Bleibt die Frage, wo: Der Versammlungsraum fehlt. Geprüft wird nun auch ein Anbau ans Sportheim, ein Gutachten ist in Auftrag, erste Entscheidungen sind Ende des Monats fällig, sagt Fretter. "Bitte nicht zu lange warten mit der Entscheidung", legt Claudia Desgranges vom Gemischten Chor den Kommunalpolitikern ans Herz. Sonst beginne das Vereinssterben. Der Chor jedenfalls könne die Miete für den jetzt genutzten Probenraum nicht mehr lange tragen.

Meinung:

Gestern, heute, morgen

Von SZ-Redakteurin Doris Döpke

Karlsbrunn hat mal, gut 25 Jahre ist es her, den bundesweiten Wettbewerb "Unser Dorf soll schöner werden" gewonnen. Das ist kein Zufall, der Ort ist hübsch. Noch immer hat er Naherholungs-Potenzial, Wildpark und Waldlage ziehen an. Dennoch, die Karlsbrunner sollten auf dem Teppich bleiben: Der Warndt ist nicht der Schwarzwald. Die strukturschwache Region mit ihrer herben Landschaft taugt nicht fürs Reise-Bilderbuch. Haben die, die über den Verlust des Hotels klagen, mal gefragt, ob jemand es in die Zukunft führen kann und will?

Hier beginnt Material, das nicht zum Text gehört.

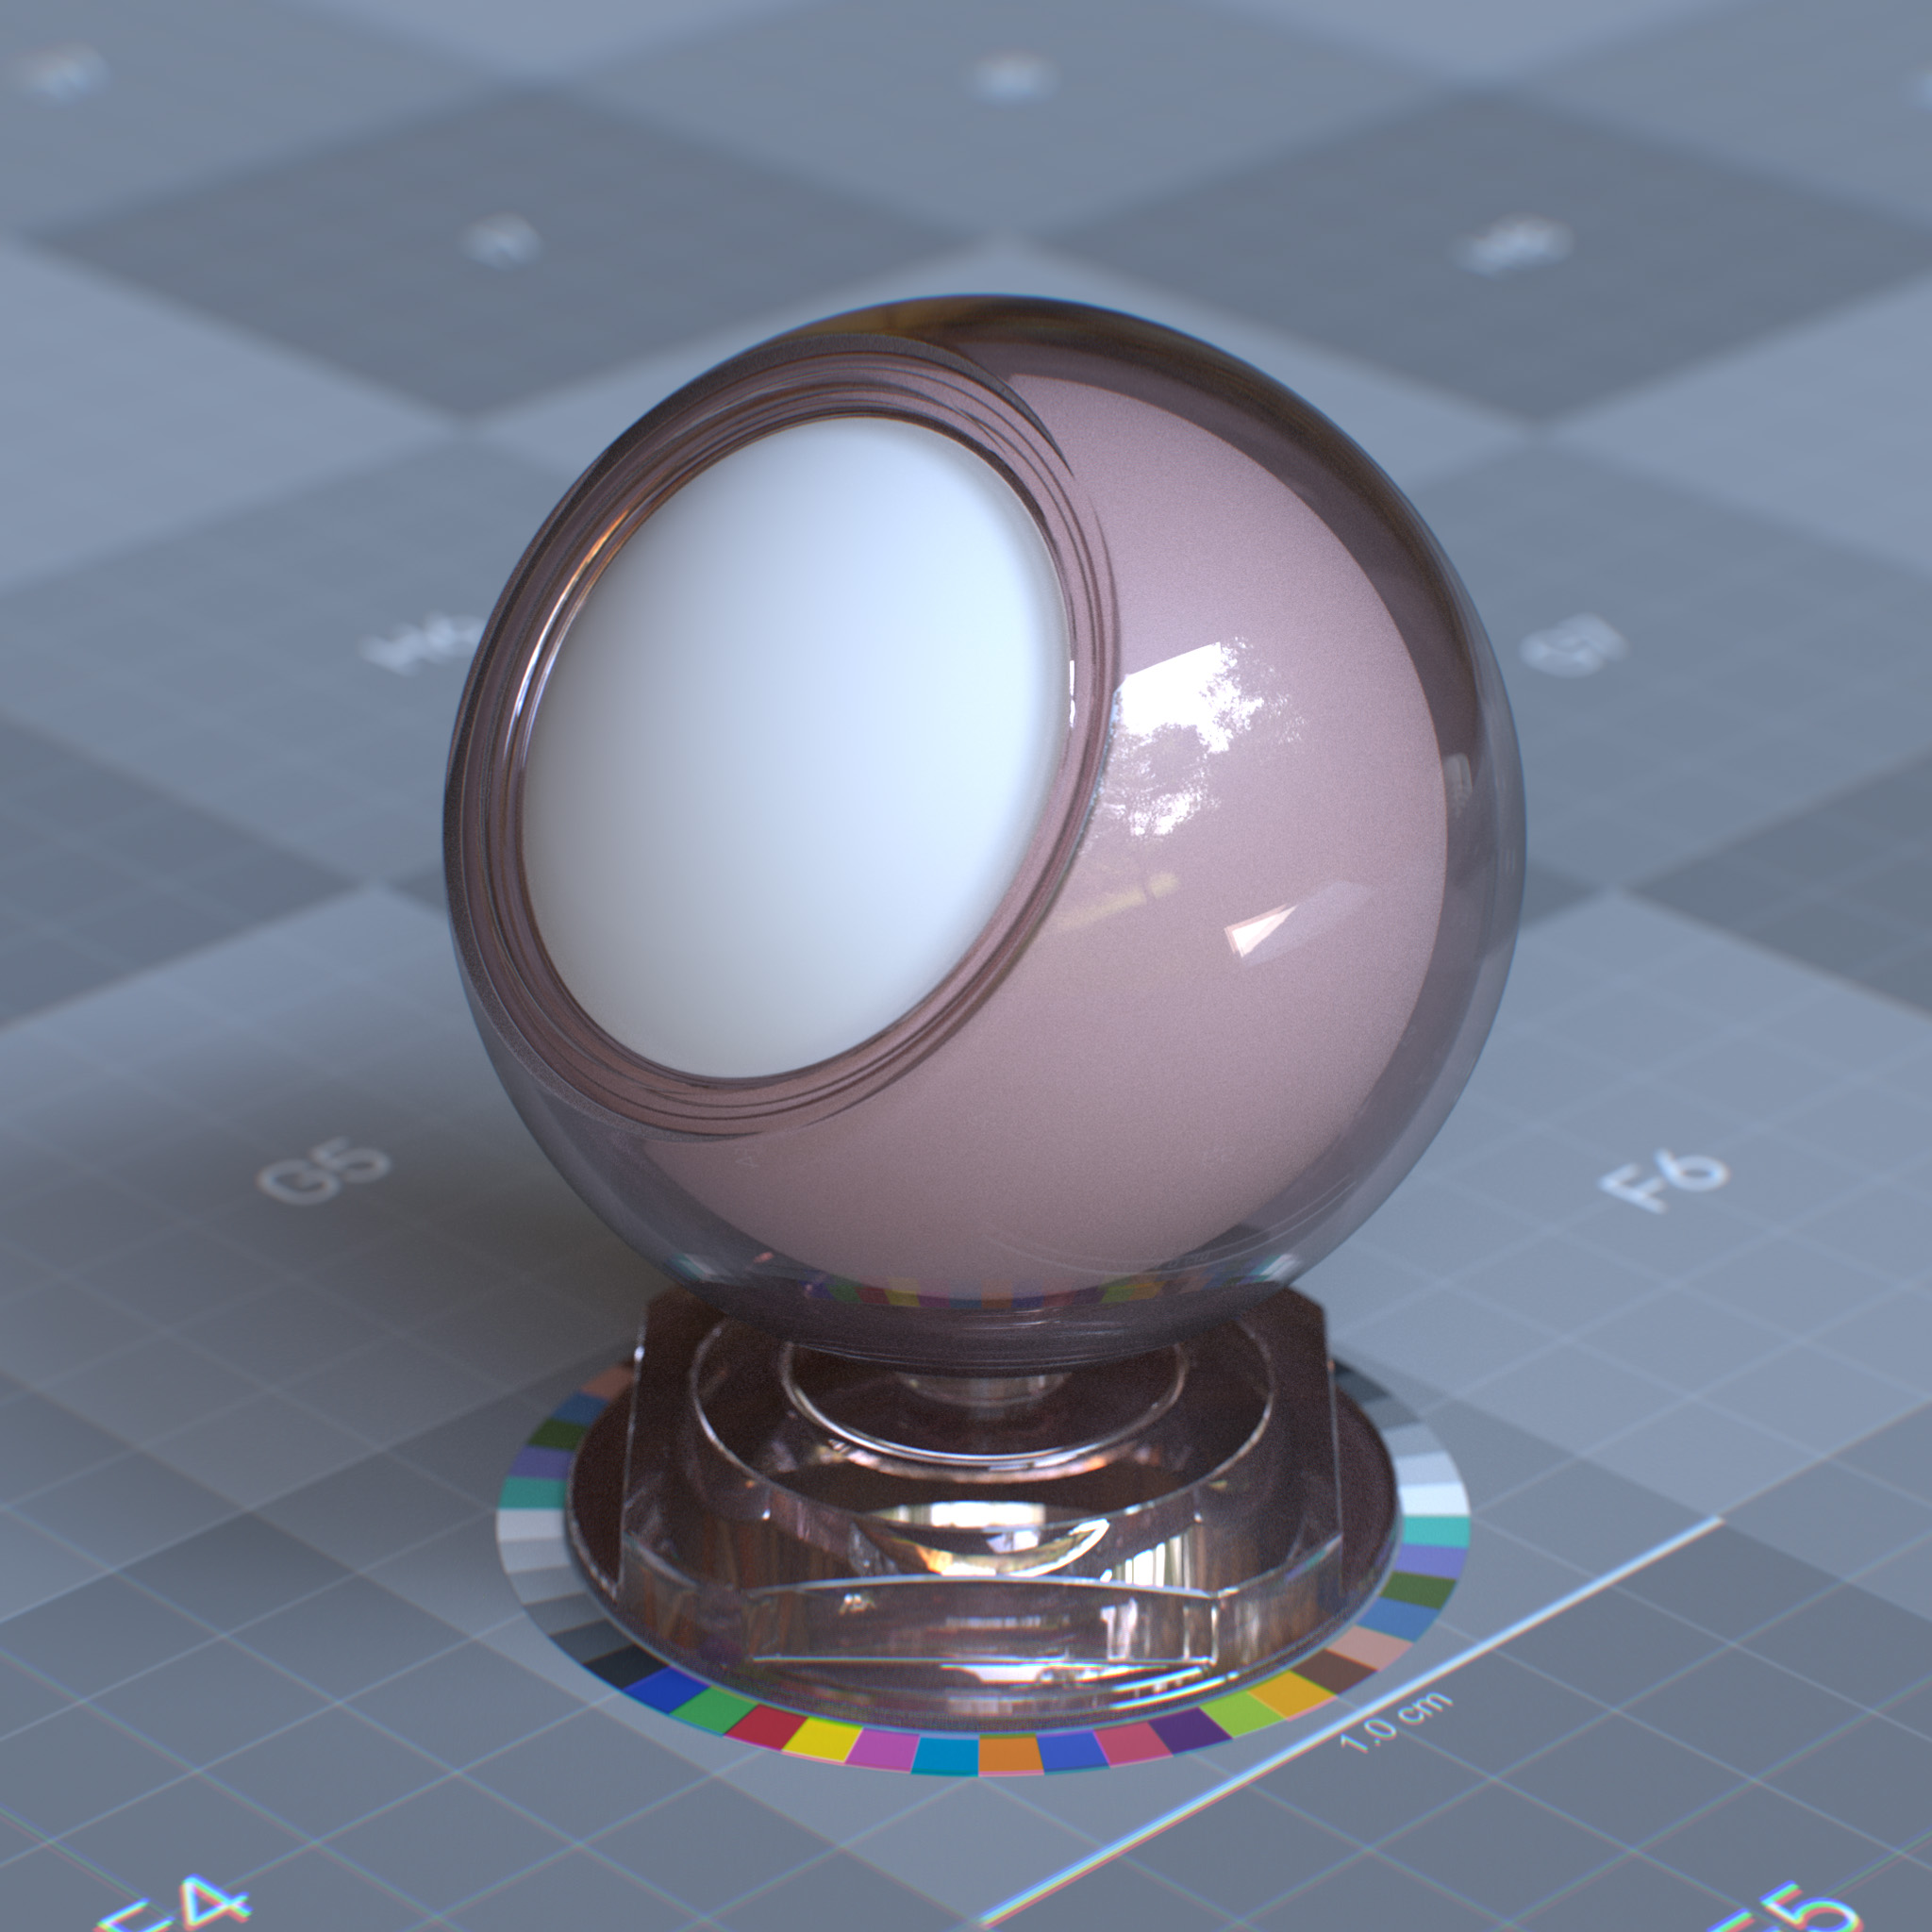 rtx_material_omnisurfacebase_coat_affect_roughness_specular_transmission_base

Karlsbrunn , das sind 891 Einwohner, kein Laden, keine Kneipe, keine Kinderbetreuung. Karlsbrunn , das ist aber auch eine lebendige Dorfgemeinschaft. Mit Offenheit für Neues (vielleicht für neue Räume?) und für Neue (also auch für Flüchtlinge ) kann sie punkten. Heute und morgen.